I downed it in one gulp.
“How can you say that? I wiped a whole family off the map.”
“Well, technically, not you. And good bloody riddance to them. Those Harkingdales have been a plague on the land for over a hundred years. In one fell swoop, you’ve made the world safe for hapless rich bastards hoping to marry into a titled family that wouldn’t murder them for their dosh. It’s almost like you’re an antibody that rose up and eradicated a long-running infection in the body politic.”
“I am not a vessel for class revenge! Or a harbinger of karma!”
“Don’t sell yourself short, old son. You just happened to say the right thing to the right person at the right place at the right time, and got a result.”

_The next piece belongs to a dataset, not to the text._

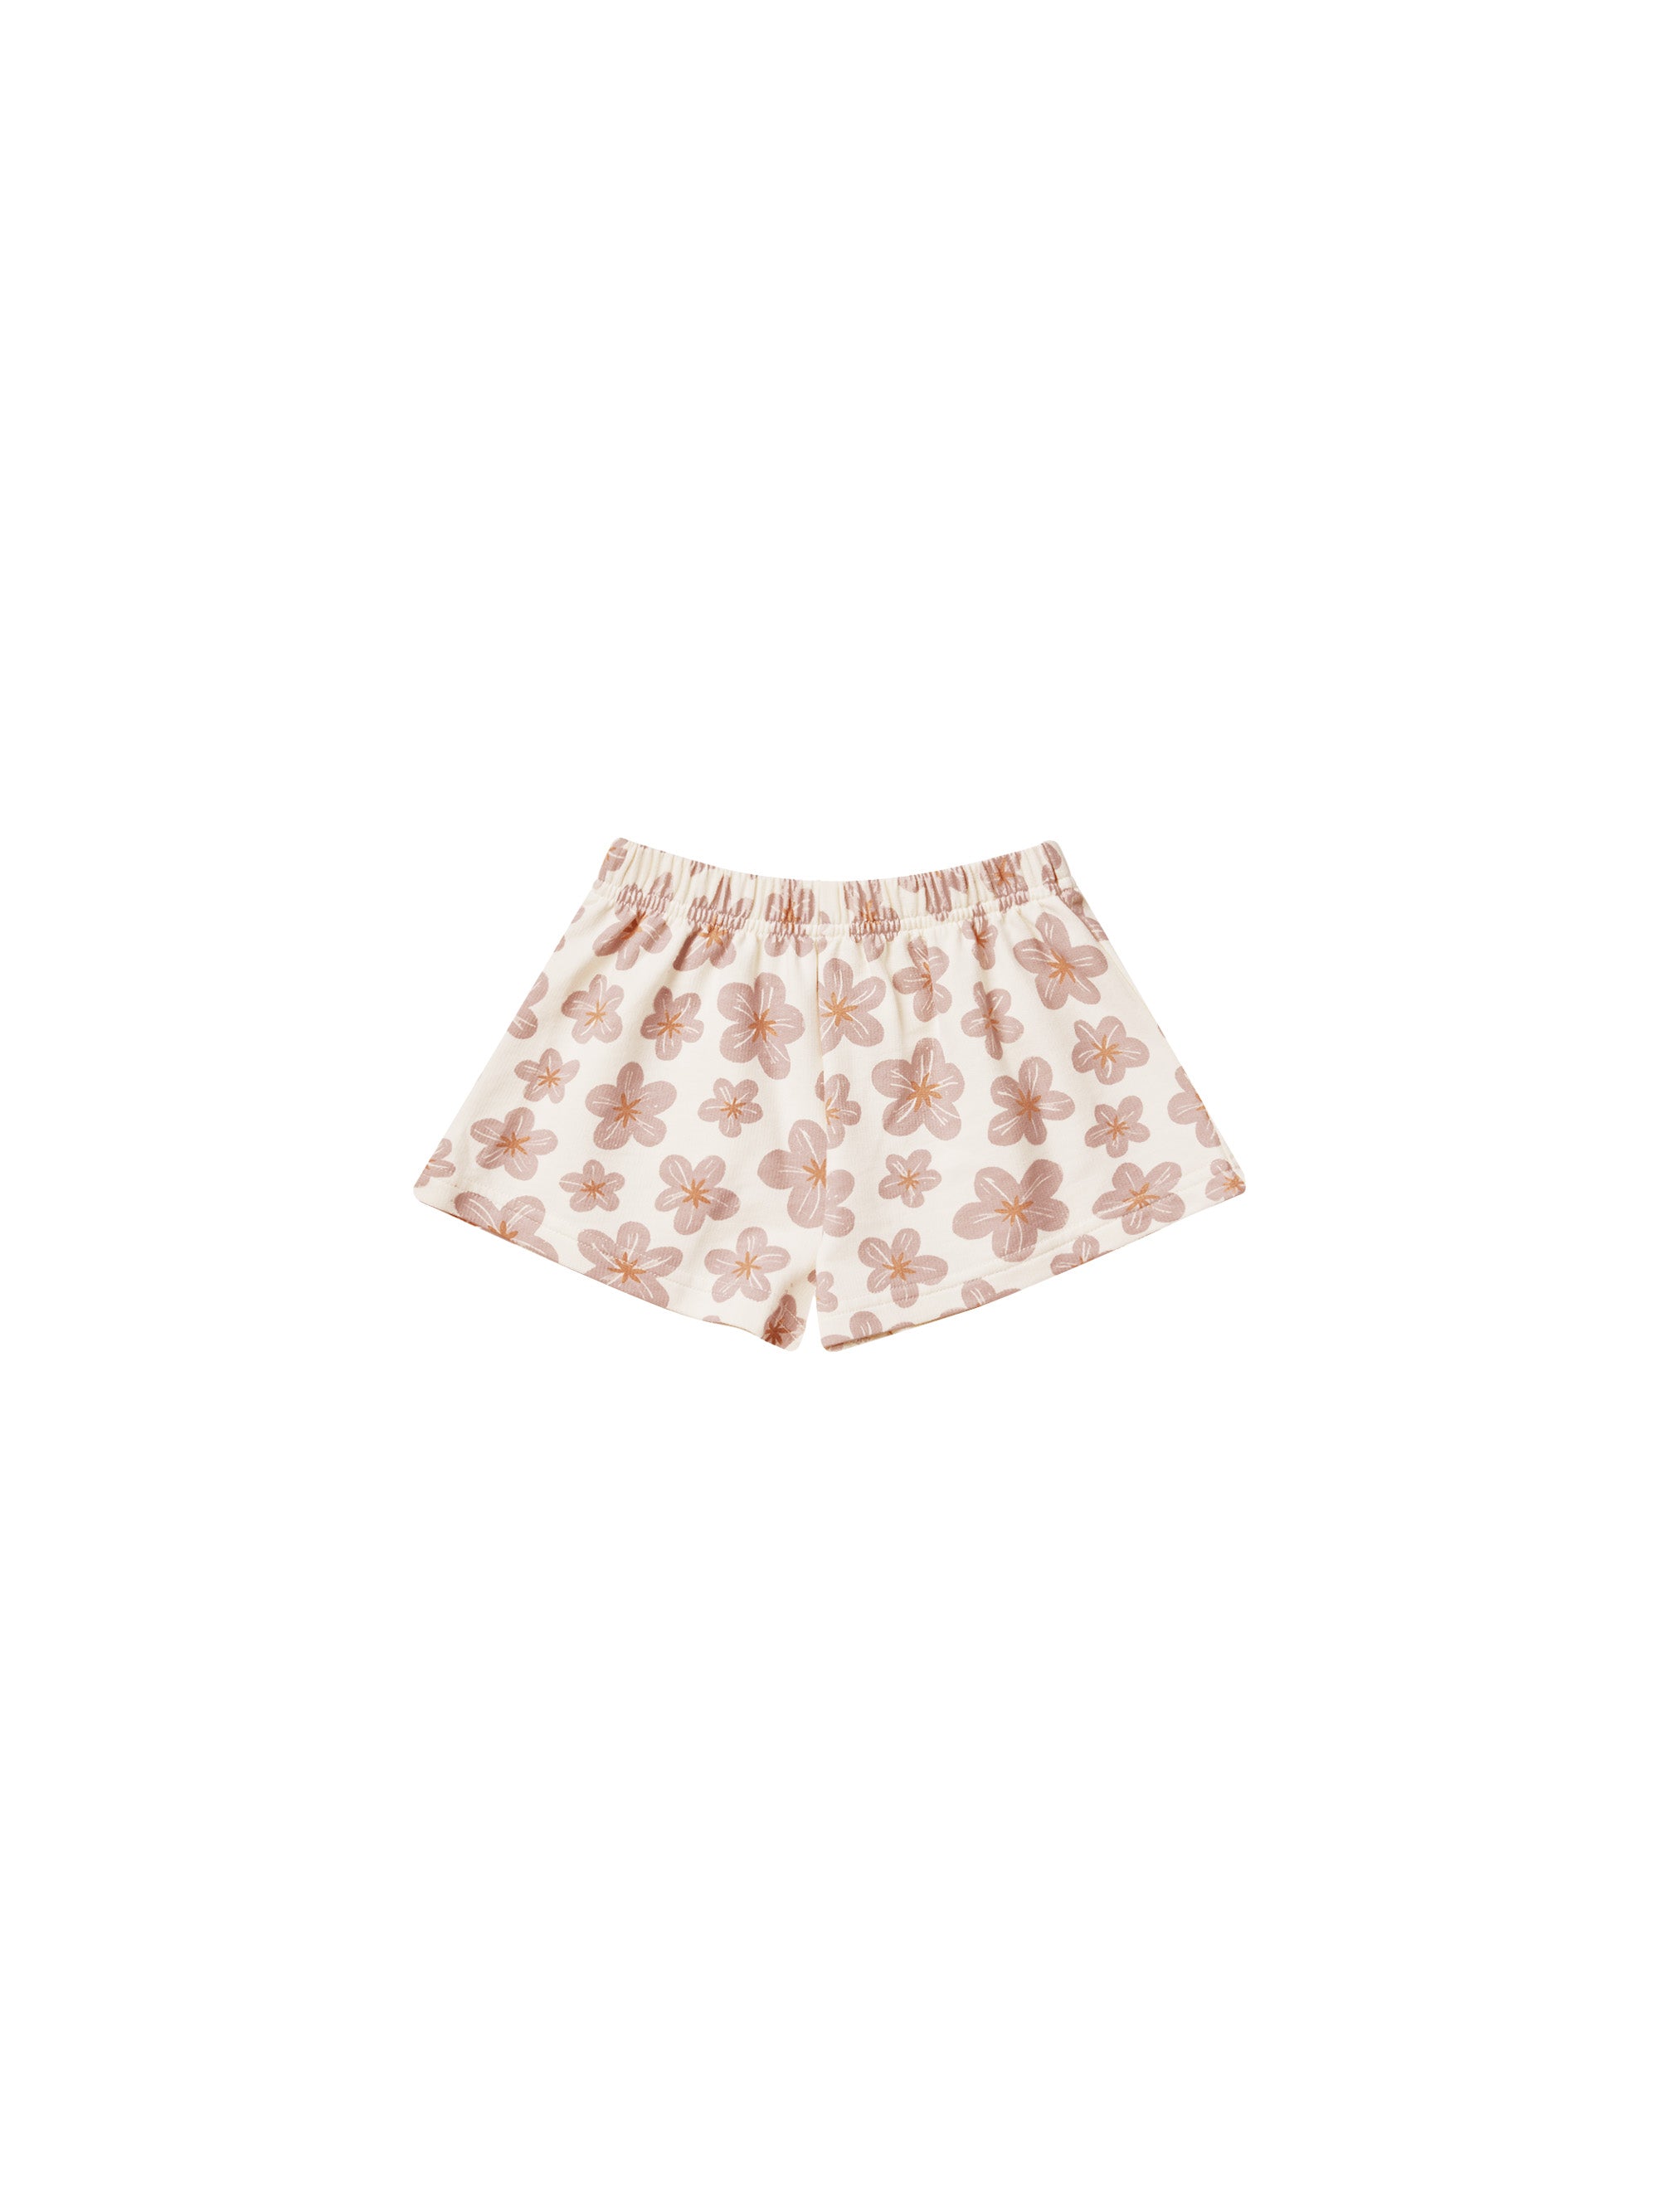 Track Shorts- Hibiscus - Twinkle Twinkle Little One

“I don’t know if I can keep doing this.”
“You’re not doing anything other than your job, and then the world reacts accordingly, sometimes in spectacular fashion. Perhaps that’s why the gods like hanging around you so much. You’re guaranteed to give ’em a good show.”
“I don’t see how you could carry on saying I’m a mensch.”
“Of course you are. That’s what makes you not only a good investigator here, but interesting to me. You’re a weaponized mensch.”
“If this is the real nature of the cosmic joke, then I’m not sure I should keep being a part of it.”
“I don’t think we get to choose, old son.”
Roger looked at me with a mixture of pity and what looked uncomfortably like admiration.
“Ravi, my boy,” Roger said. “Perhaps you’d like to get out of town for a bit, out of the country, even?”
BLACK BAG LA
ONE
The light was different in Los Angeles.
I couldn’t get used to it.
People told me it was the smog. It served as a kind of filter for the way sunlight seeped through the air and onto the city, giving it a kind of almost hallucinatory sheen. At dusk, as night descended, the dying glow of the day was particularly surreal and vivid. No wonder the entertainment industry was headquartered here. Fantasies could only be born out of a city that wasn’t quite real, a city that had been brought into existence through sheer will and desire. Los Angeles was like a mirage forced to take solid form at the hands of men who imposed their vision on the otherwise desolate desert landscape. I was fascinated by the cracks in the road that always needed to be mended, the continuing shift of tectonic plates, the erasure of the city’s own history as old buildings were constantly demolished in favor of the new. Like its inhabitants, this city was obsessed with always appearing young. Its permanent default state was a battle against entropy. All it took was money and power. I’d swapped the gray, wet dystopia of London for the blazing, sun-blasted dystopia of LA.